Mera tau bahwa Ana diperlakukan tidak baik oleh Tom yang memang akhir-akhir ini hanya kasar dengan Ana, tapi tidak dengan kedua anaknya yang lain.
"Gak kenapa-napa, ibu gak perlu peduli, aku udah besar." ucap Ana. Ia memilih untuk membelakangi sang ibu, dan kembali memejamkan mata. Ia tidak ingin dapat pencerahan di pagi hari jika apa yang dilakukan ibunya tidak jauh beda dengannya.
Mera tau, Ana kecil yang manis tumbuh menjadi Ana dewasa yang memikul kejamnya dunia. Ia pribadi pun merasa gagal menjadi seorang ibu, ia memberikan contoh yang buruk dan sialnya keburukannya di contoh oleh putrinya yang satu ini.
"Ya sudah, yang lain udah nunggu kamu di bawah buat sarapan bareng. Di tunggu, ya."
Setelah merasa Mera keluar dari kamar tidurnya, Ana kembali membuka mata sambil menghembuskan napasnya.
"Berarti? Gue harus sarapan sama mereka?"
Dan setelah hampir 5 menit berpikir, akhirnya Ana bertengkar dengan batin dan ia kalah, memutuskan untuk beranjak dari ranjang tanpa merapihkannya.
"Awsh, gila sakit banget." Ana merasa satu kakinya, lebih tepatnya pahanya, ia merasa nyeri.
"Anjir ungu, sakit banget."
Akhirnya, Ana berjalan dengan tertatih-tatih. Entah Mera tau tentang hal ini atau tidak, tapi ia yakin ibunya tidak memiliki simpati yang cukup besar untuk menanyakan tentang kondisi kakinya.
Sampai di kamar mandi dan memutuskan untuk duduk di atas wastafel, Ana langsung melucuti pakaian dari tubuhnya. Ia menatap tubuh yang putih bersih —kecuali kini di bagian pahanya yang berwarna ungu—, ia melihat beberapa bercak merah yang di hasilkan oleh laki-laki kaya yang berhasil memikat hatinya malam ini.
"Denish. Aku seperti pernah melihat wajahnya, sungguh, tapi dimana?"
Tanda merah yang dibuat Denish adalah tanda yang tidak akan pernah ia lupakan. Dan jangan lupakan juga cumbuan mesra yang dilakukan padanya dengan sangat lembut. Tidak ada hentakan kasar, mungkin ada jika ia yang memintanya.
Gerakan tangan Ana menjadi sensual mengikuti setiap lekukan tubuhnya, berharap disentuh oleh Denish, lagi.
"Ah, lama-lama aku bisa gila."
Sadar dengan apa yang akan dilakukannya, Ana pun langsung turun dari wastafel dan mengambil air dari bak mandi menggunakkan gayung yang segera mengguyur tubuhnya.

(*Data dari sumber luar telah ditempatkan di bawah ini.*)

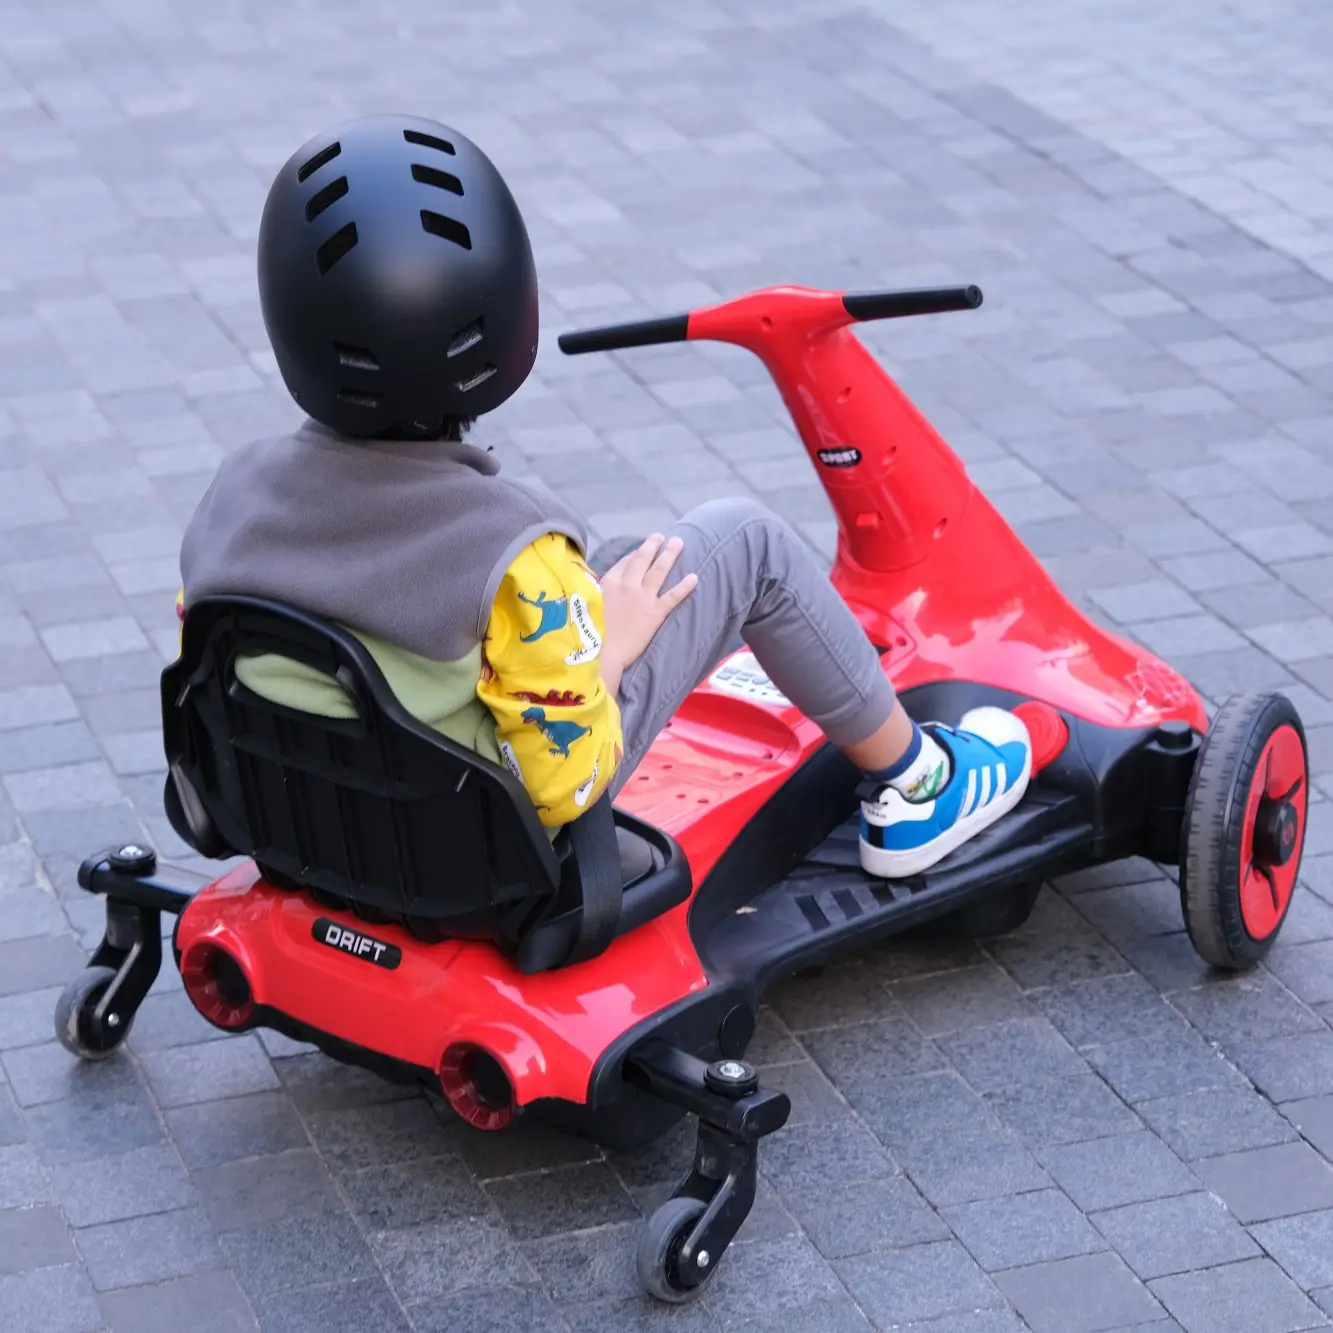 CE חשמלי נסחף קרטינג go-kart 2IN1 גבוהה באיכות 12V 7AH ארבעה גלגל מיני חשמלי נסחף קטנוע ללכת kart ילדים ילד

Sekitar dua puluh menit kemudian...
Ana sudah selesai mandi dengan atasan crop top dan bawahan hotpants. Ia menyisir rambutnya yang jatuh lurus, sangat cantik dan sempurna. Ia memang lebih mempedulikan penampilan, wajah, rambut, dan perawatan tubuh lainnya, daripada mementingkan mengisi perut.

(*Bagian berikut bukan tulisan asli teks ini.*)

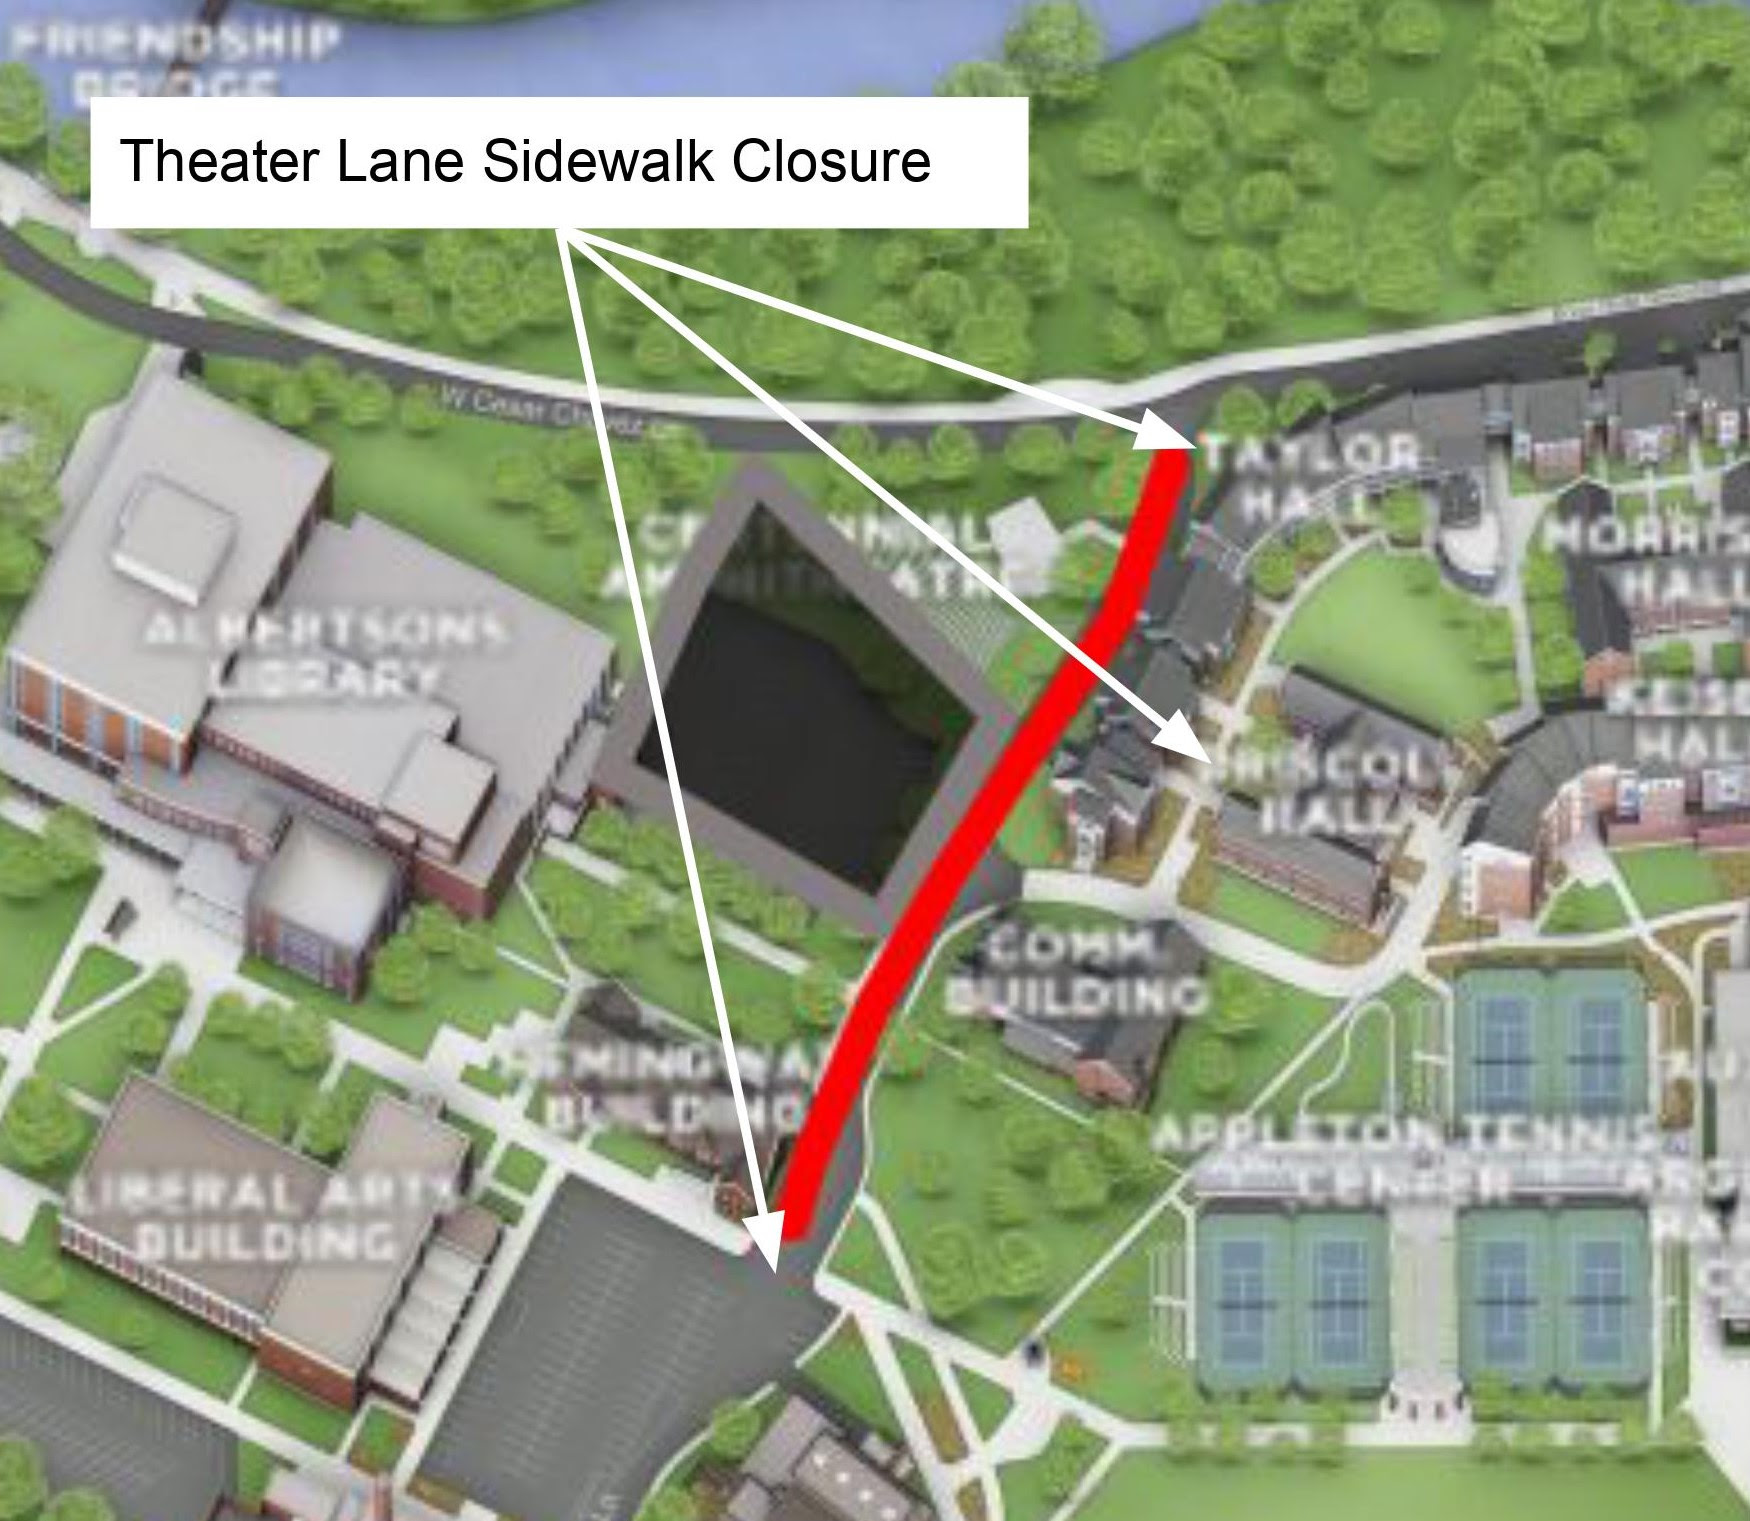 Theater lane sidewalk closure map

Dengan ponsel yang berada di genggaman tangan, kini Ana keluar dari kamar tidurnya dan berjalan ke ruang makan yang terletak dekat dapur. Ya, ia tidak menuruni tangga karena rumahnya tidak memiliki lantai dua. Semua ruangan di rumah ini tertata berantakan di lantai dasar.

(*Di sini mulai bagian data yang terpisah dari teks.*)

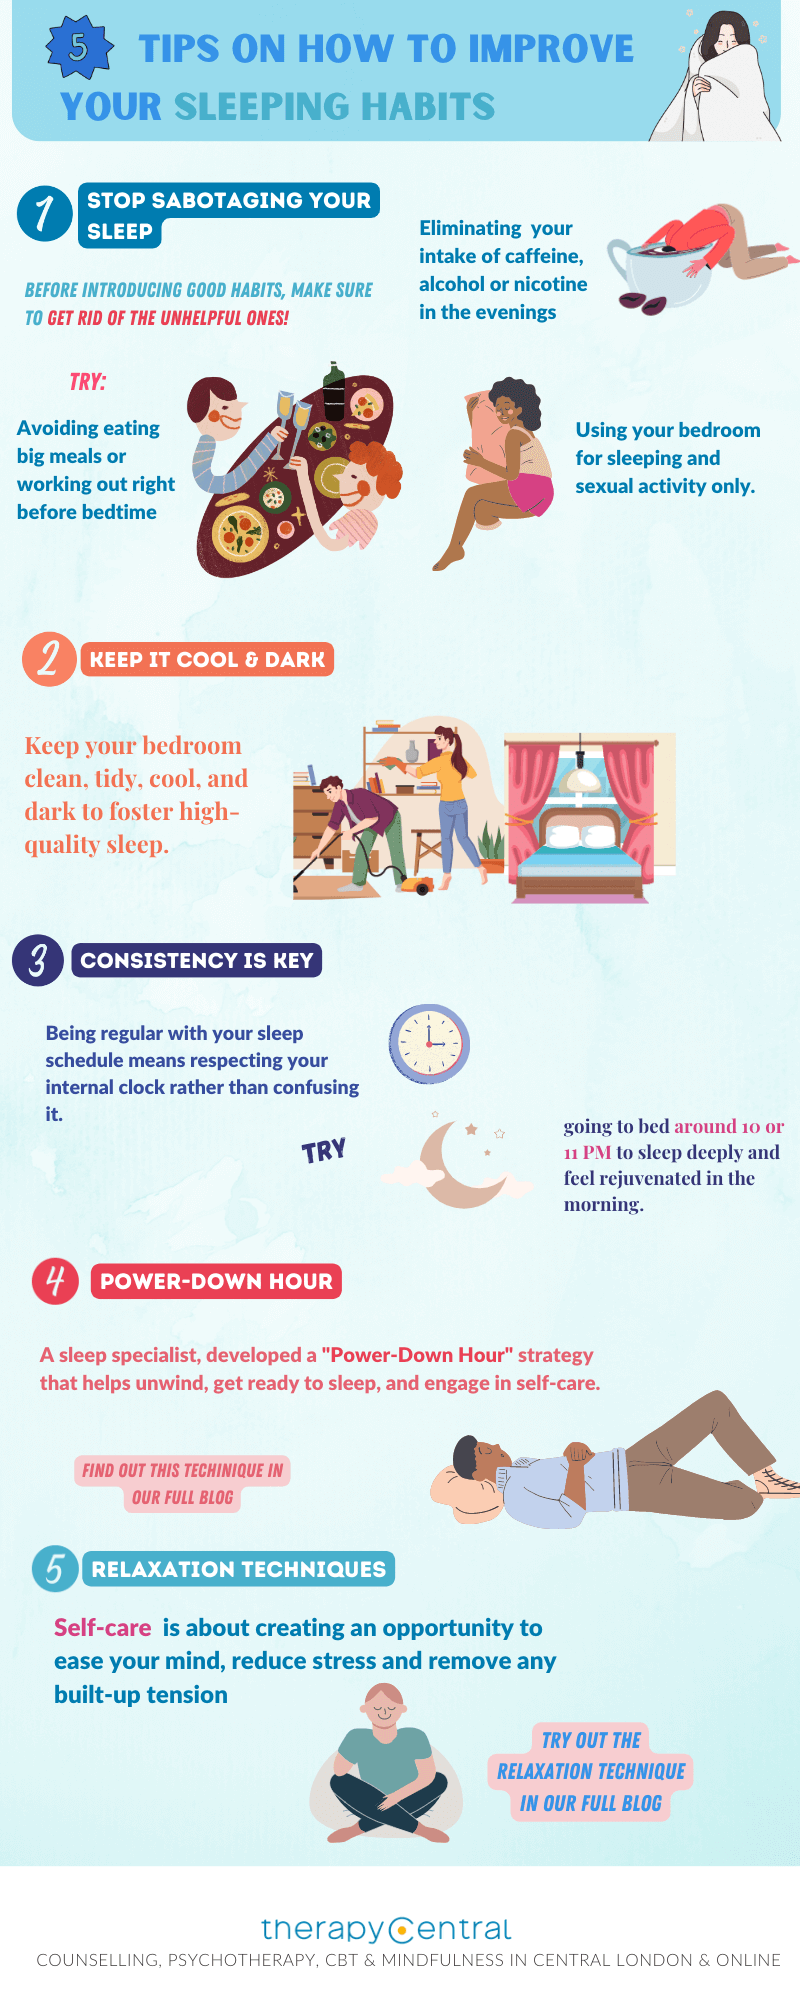 How To Improve My Sleeping Habits - 5 Tips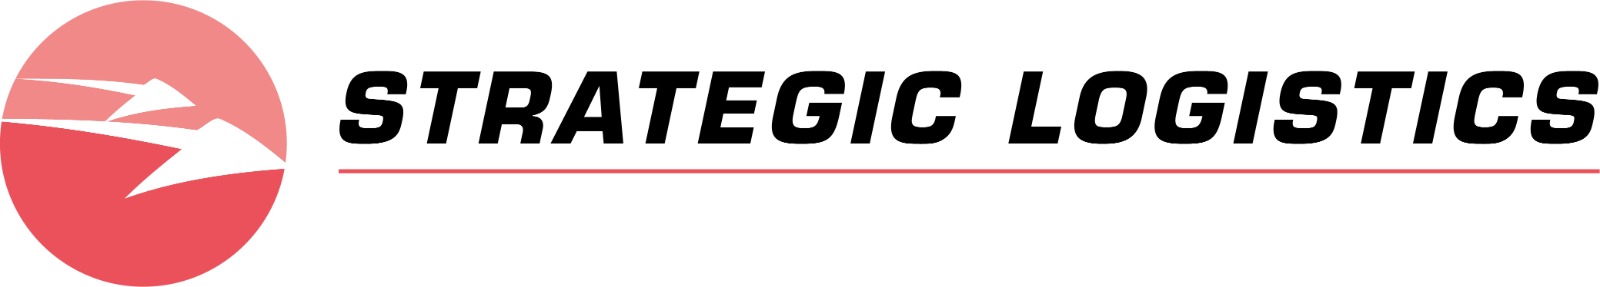 Strategic Logistics  logo

Terlihat keluarga berantakan di meja makan. Adik perempuannya tengah sibuk bermain ponsel sambil makan, adik laki-lakinya tentu saja sama halnya dengan sang adik perempuan. Ibunya makan dengan diam, sang ayah yang terus menerus mengalihkan pandangan seolah mencarinya.
"Hari yang buruk."
Ana pun memutar balik langkah, tidak memiliki keinginan untuk duduk bersama di meja makan. Ia sudah selama berbulan-bulan tidak pernah hadir makan bersama keluarga kecilnya yang lengkap.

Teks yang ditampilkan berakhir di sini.